Вскоре Аннунсиата устала от их болтовни и отослала их назад. Ей о многом следовало подумать. На следующий день ей предстояло увидеть курфюрста и просить его о прощении для Карелли. Она не рассчитывала на человеческое милосердие, но надеялась, что сможет возбудить в нем чувство справедливости.
Курфюрст мало изменился с того времени, когда Аннунсиата видела его последний раз. Она помнила, как она впервые встретилась с Георгом-Луисом в Виндзоре, когда, будучи еще молодым, он приехал, чтобы увидеть принцессу Анну, его возможную невесту. Тогда он не занимал ее мысли, невысокий коренастый мужчина с красным пухлым лицом, светлыми, с каким-то розоватым оттенком волосами, тупыми рыбьими глазами и широким лягушачьим ртом. Пухлое лицо теперь стало жирным, глаза более тупыми, чем прежде, широкий, до ушей рот выглядел еще шире. Он носил каштановый парик, от которого его щеки казались краснее, и коричневый бархатный мундир поверх желтого жилета, а штаны привели Аннунсиату в ужас.
Они осторожно рассматривали друг друга. Георга-Луиса не могла не заботить мысль, почему она была здесь. Он разглядывал ее сверху донизу, будто оценивая ее туалет, но не показывал, что он думает о нем. Платье Аннунсиаты было сшито из темно-синего, как ночное небо атласа, одетое поверх вышитых нижних юбок более светлого тона, с серебряными кружевами на лифе и рукавах. Она решила, что демонстрация крепкого достатка и респектабельности – лучший способ воздействовать на него и завоевать его поддержку. Ее волосы, с проблесками седины, были уложены на макушке и украшены жемчугом, а сзади спускались локонами. Она не любила головные уборы, хотя многим ее обнаженная голова казалась не только старомодной, но даже несколько неприличной.
– Итак, леди Челмсфорд, чего же вы хотите? – спросил ее Георг-Луис.

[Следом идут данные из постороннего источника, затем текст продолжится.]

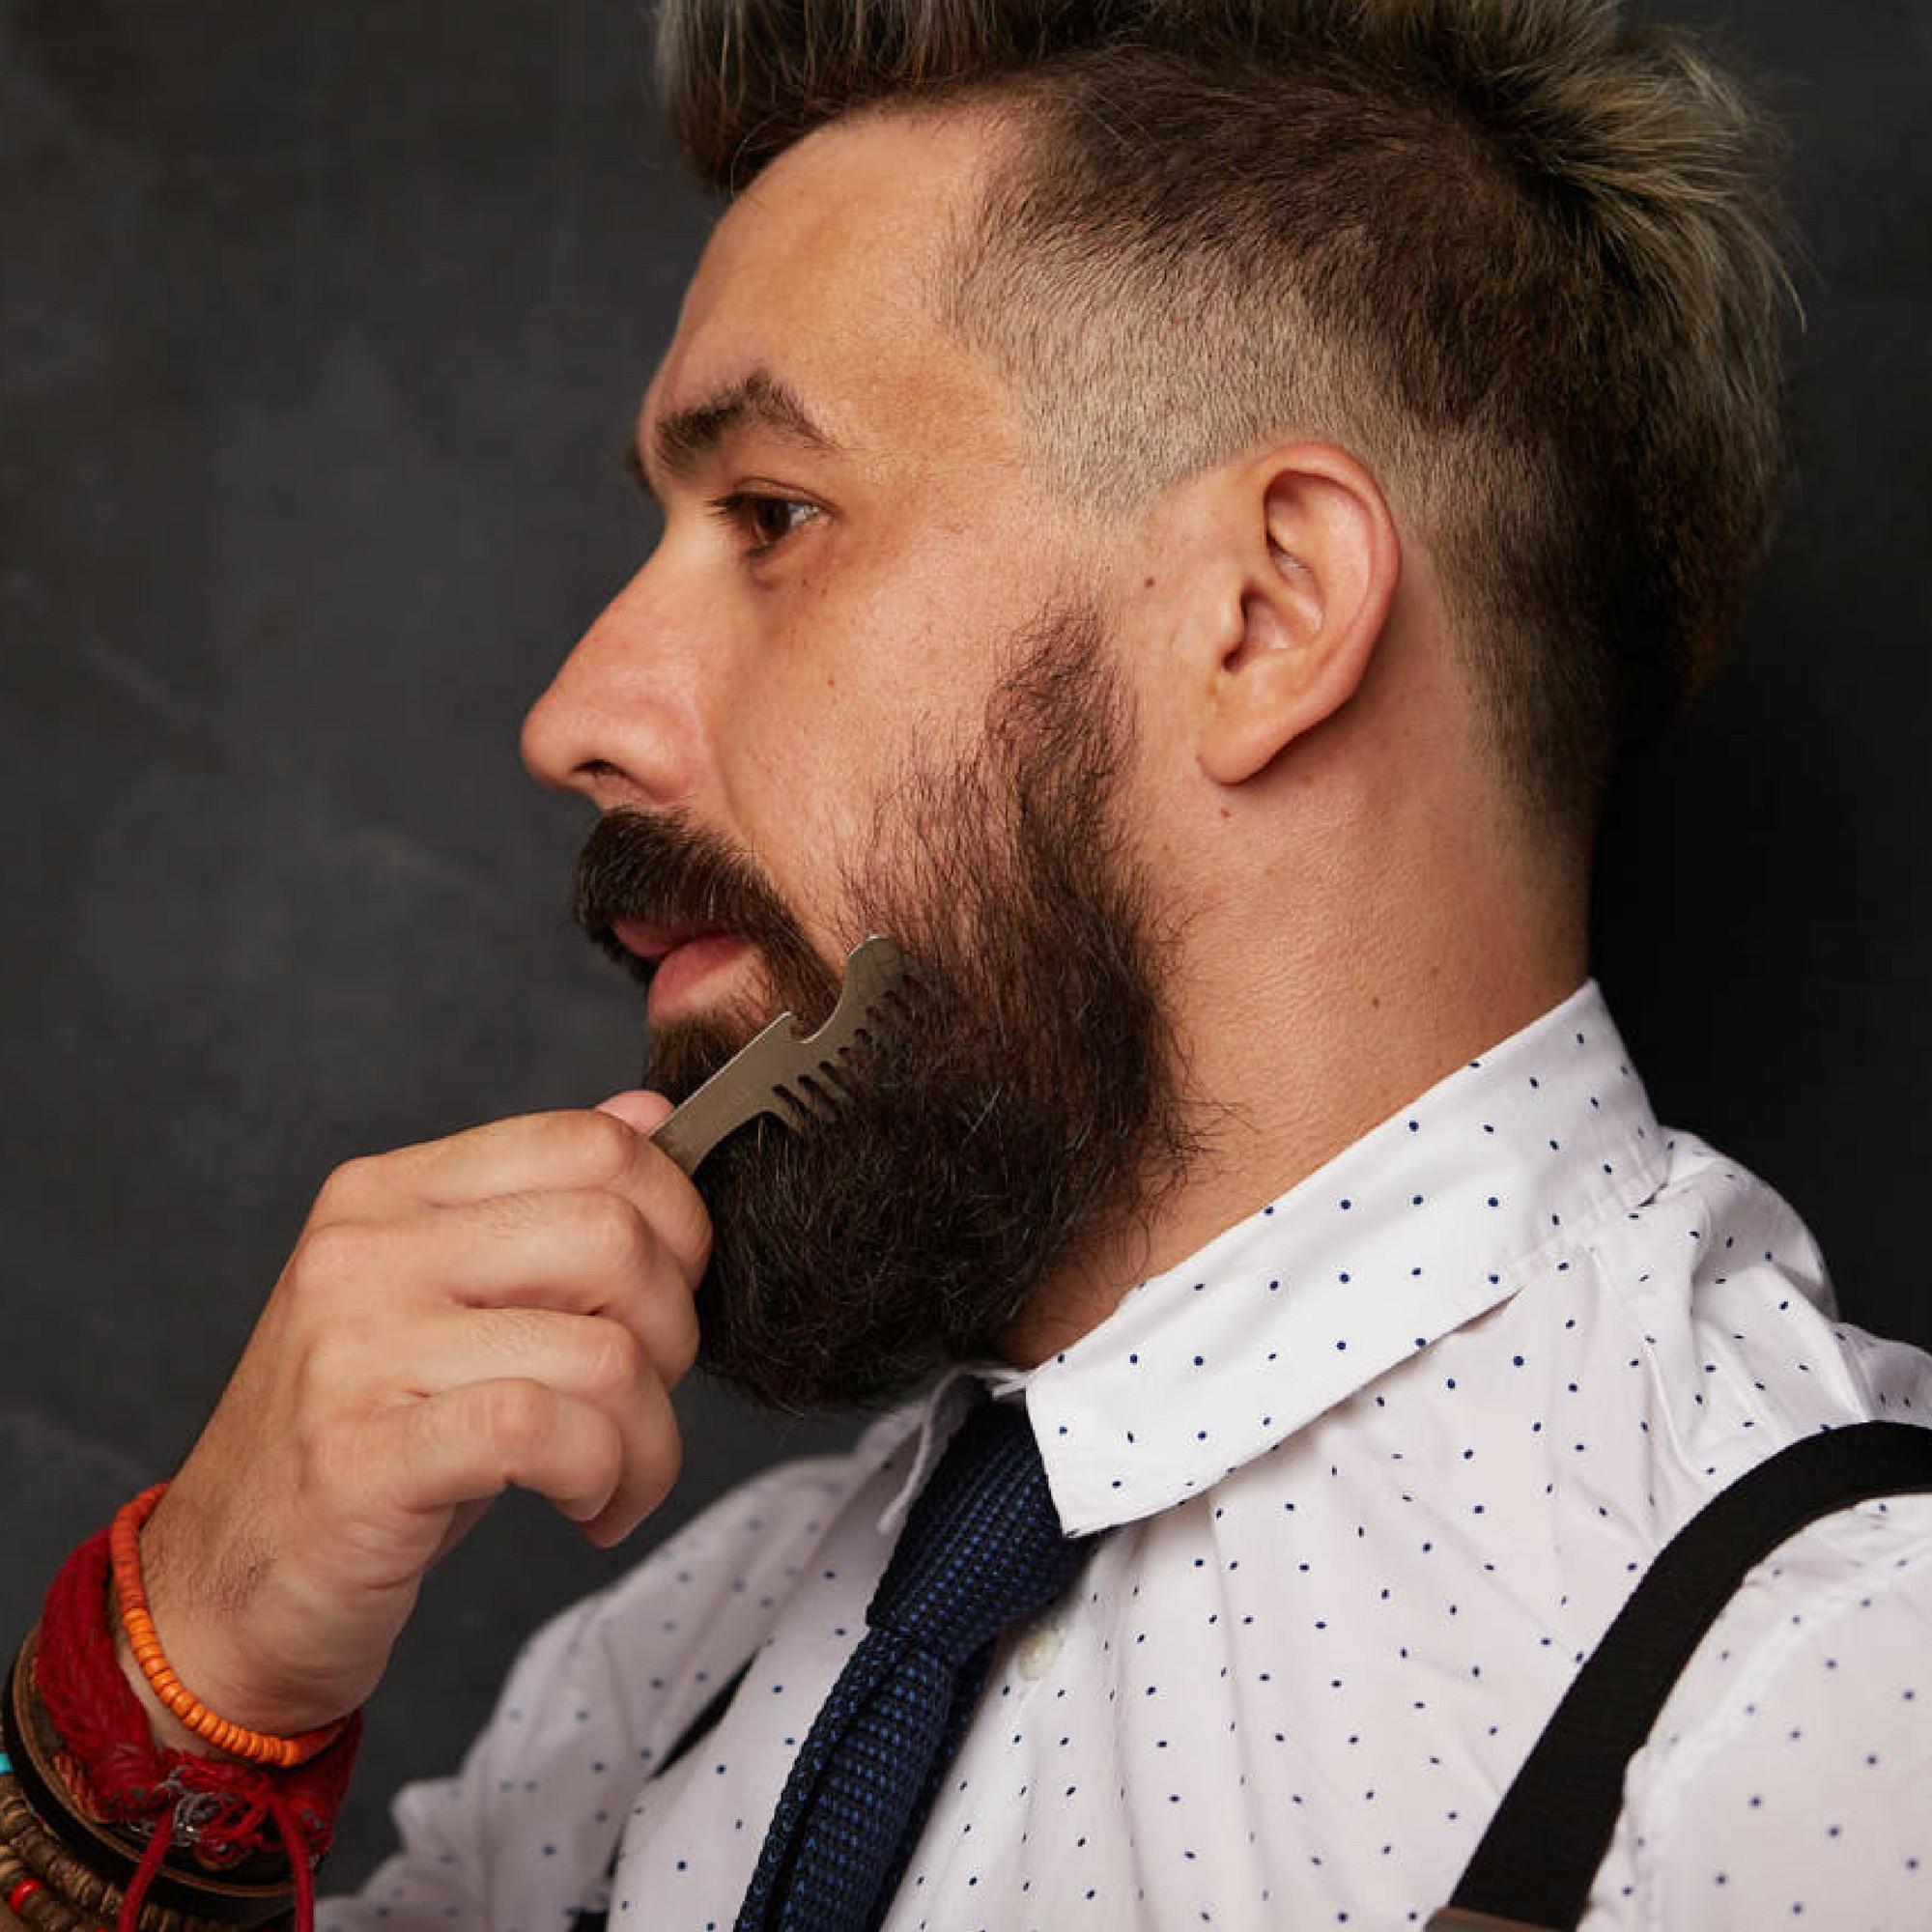 Intalnire gratuita pentru barba? i
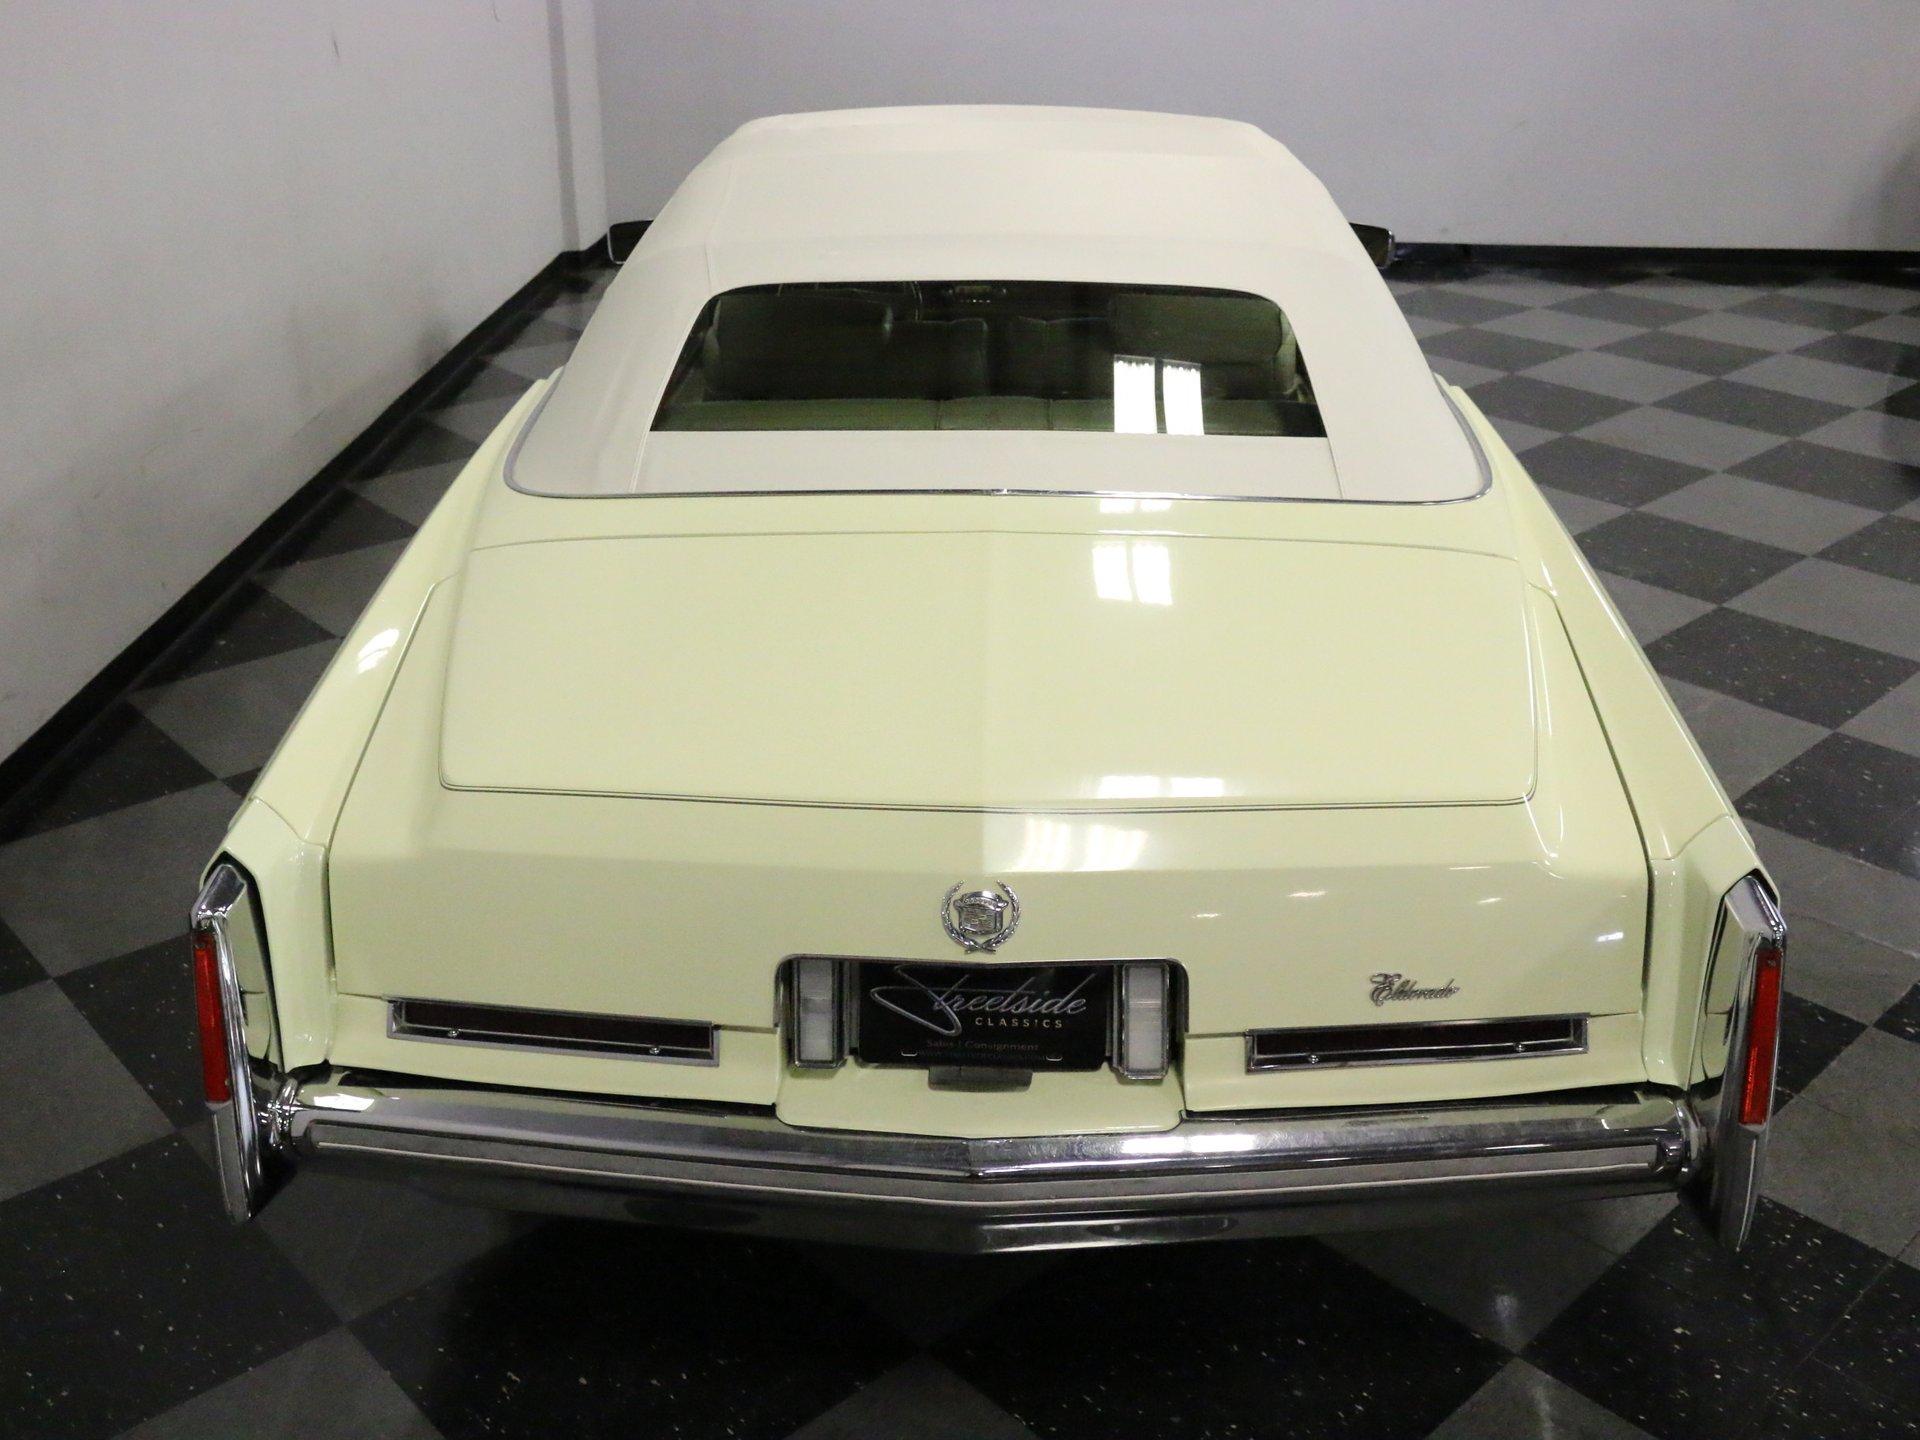 1976 Cadillac Eldorado   Streetside Classics - The Nation's Trusted

Его лицо оставалось бесстрастным, но Аннунсиата вскоре поняла, что оно всегда бывало таким, если только он не хмурился в настоящей ярости. Аннунсиата начала по-английски, но курфюрст вскоре прервал ее по-немецки и сказал, что не понимает. Графиня не знала, правда ли это или нет. Она оказалась в невыгодном положении. Аннунсиата начала снова, но ее немецкий не был хорош, и она вынуждена была, часто запинаясь, искать иные выражения или употреблять итальянские или французские слова, которые он мог знать. Он слушал равнодушно. Единственное, что вызвало какую-то его реакцию, это когда она назвала его «кузен». Тогда он нахмурился, и графиня не поняла, было ли это неодобрением упоминания с ее стороны о таких родственных отношениях, или же ему не понравилось, что она не произнесла полностью его титул.
Наконец она смолкла, не зная, много ли из того, что сказано ею, понято или хотя бы услышано.
Георг-Луис долго молчал, рассматривая ее, а затем сказал:
– Я ничего не могу сделать до суда. Он должен предстать перед судом, как и другие.
Курфюрст отвернулся от нее, не дожидаясь даже поклона. Аннунсиата смотрела, как он уходил, с болью неопределенности. Подразумевал ли Георг-Луис, что поможет, если нужно, после суда?
Она ушла из дворца и, садясь в карету, гнала от себя воспоминания, которые, подобно одиноким привидениям, привлекали ее внимание, воспоминания о других временах при дворах в Уайтхолле и Сент-Джеймсе, когда правил король Карл [45] , а она была молодой. Она приказала кучеру ехать в Тауэр и села сзади на мягкое кожаное сиденье, укутавшись в плащ и засунув руки глубоко в муфту, довольная тем, что Китра улеглась у ее ног. Видения назойливо теснились в ее голове, а она тщетно пыталась не замечать их. Аннунсиата никогда не могла представить себя старой, и двор короля Карла еще был жив в ее памяти. Но вот сейчас она, семидесятилетняя женщина, ощущающая холод в этом году как никогда раньше, едет, чтобы увидеть своего сына, сорокачетырехлетнего сына, которому, очень вероятно, отрубят голову за измену. Она думала, что у короля Смерти ослиные уши, но жизнь дурачит их всех, точно так же, как и смерть.
45
Имеется в виду король Карл II (1630—1685), правивший с 1660 г.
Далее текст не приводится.